YOUR ASSIGNMENT: Print the whole listing again exactly, keeping no pictures in it.

DATA EXTRACT:
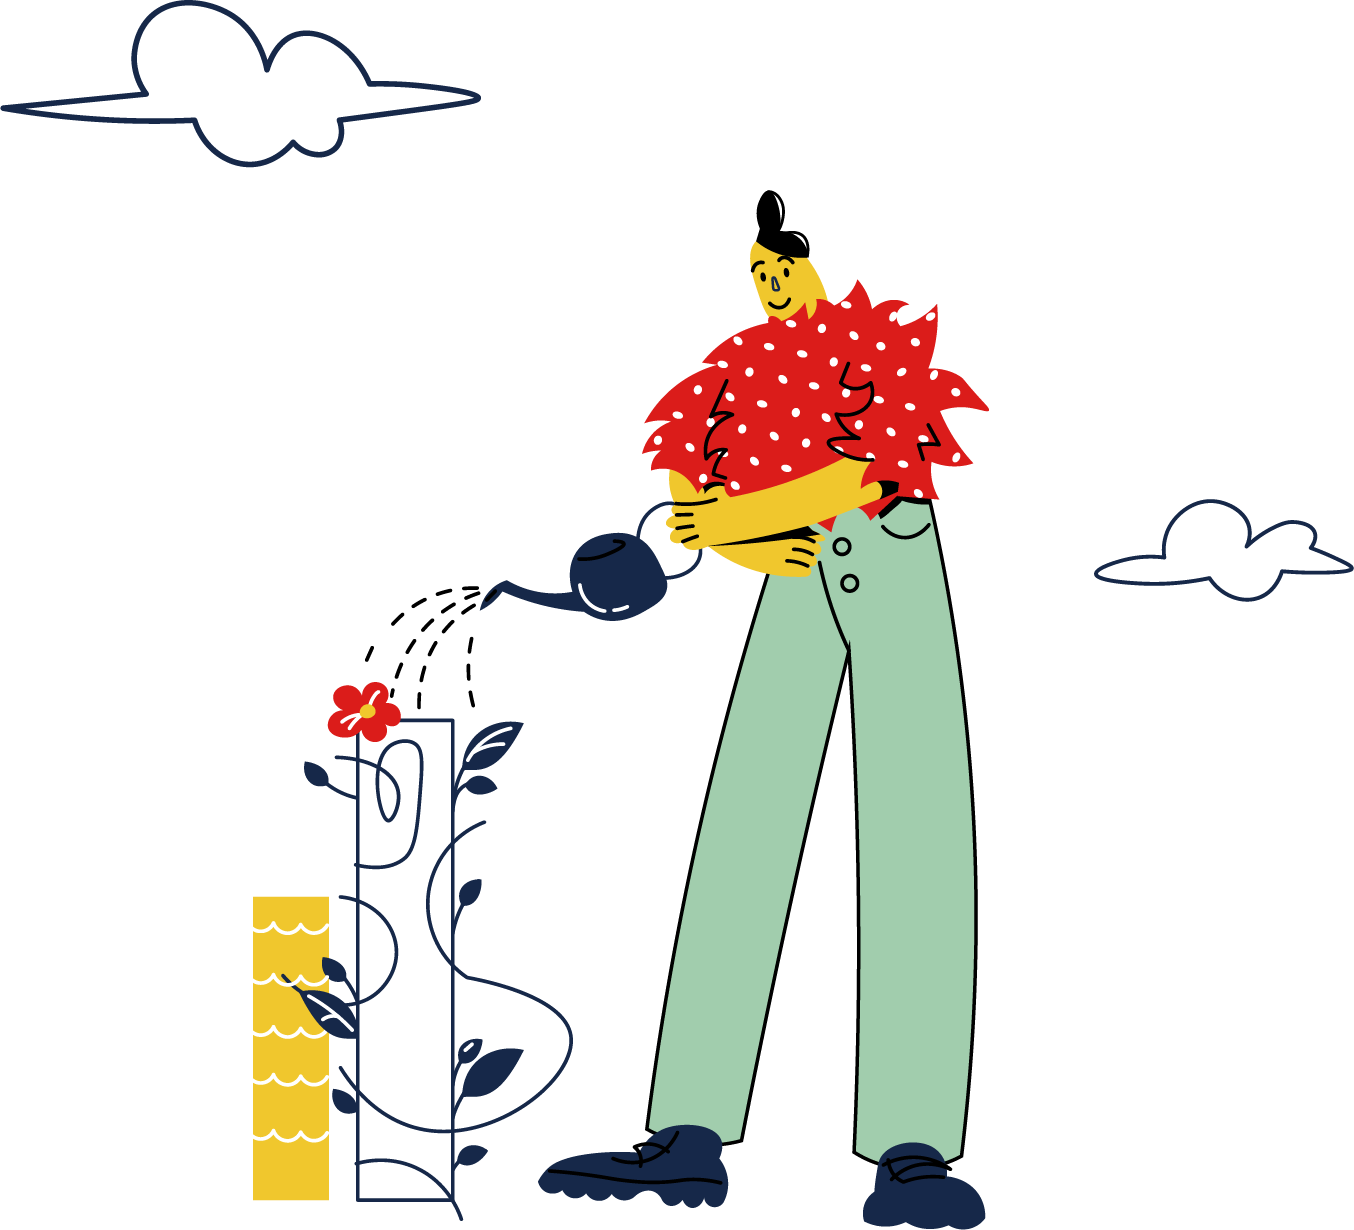 illustration of person watering plants with clouds in the sky
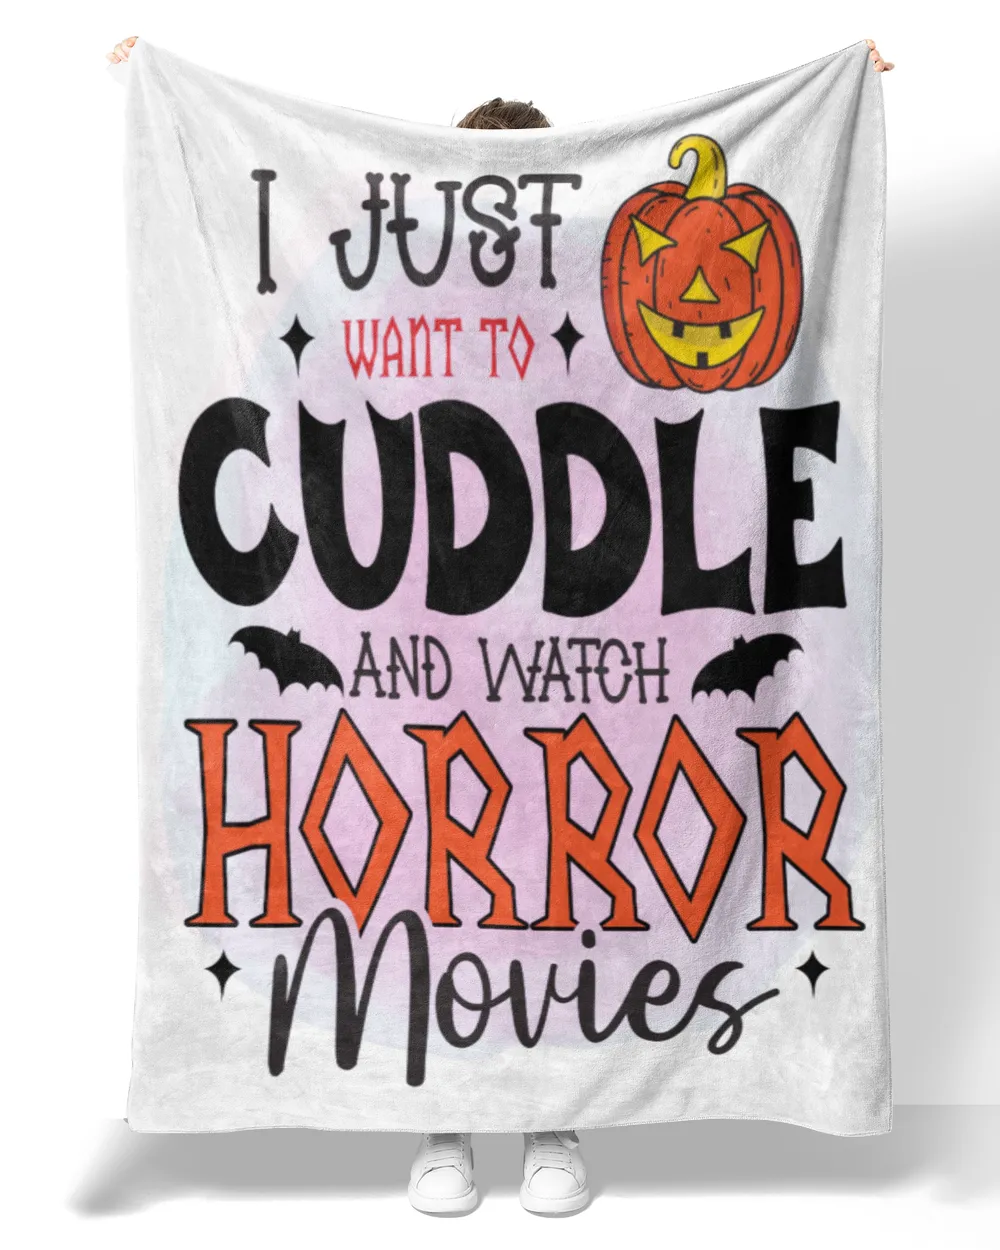 I just want to cuddle and watch horror movies
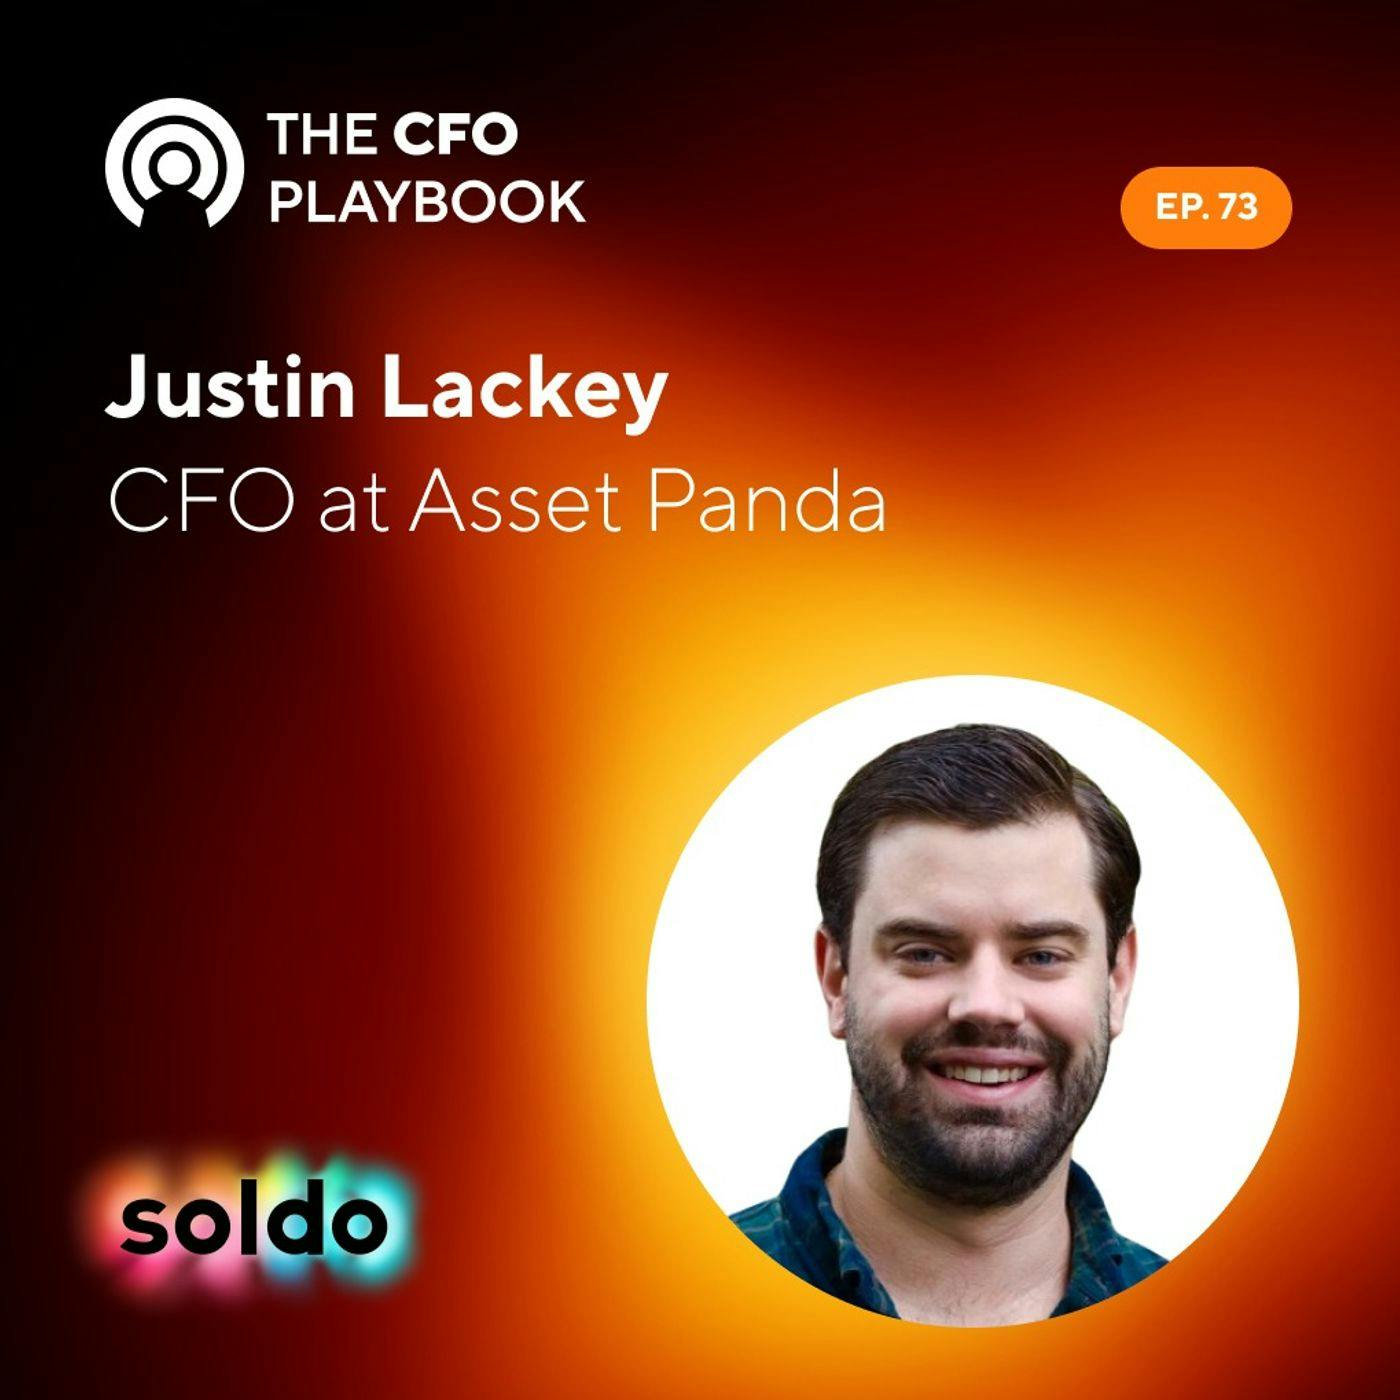 Finding a Balance Between Efficient and Effective with Justin Lackey, CFO at Asset Panda

OUTPUT FOR THIS EXERCISE:
 illustration of person watering plants with clouds in the sky
 I just want to cuddle and watch horror movies
 Finding a Balance Between Efficient and Effective with Justin Lackey, CFO at Asset Panda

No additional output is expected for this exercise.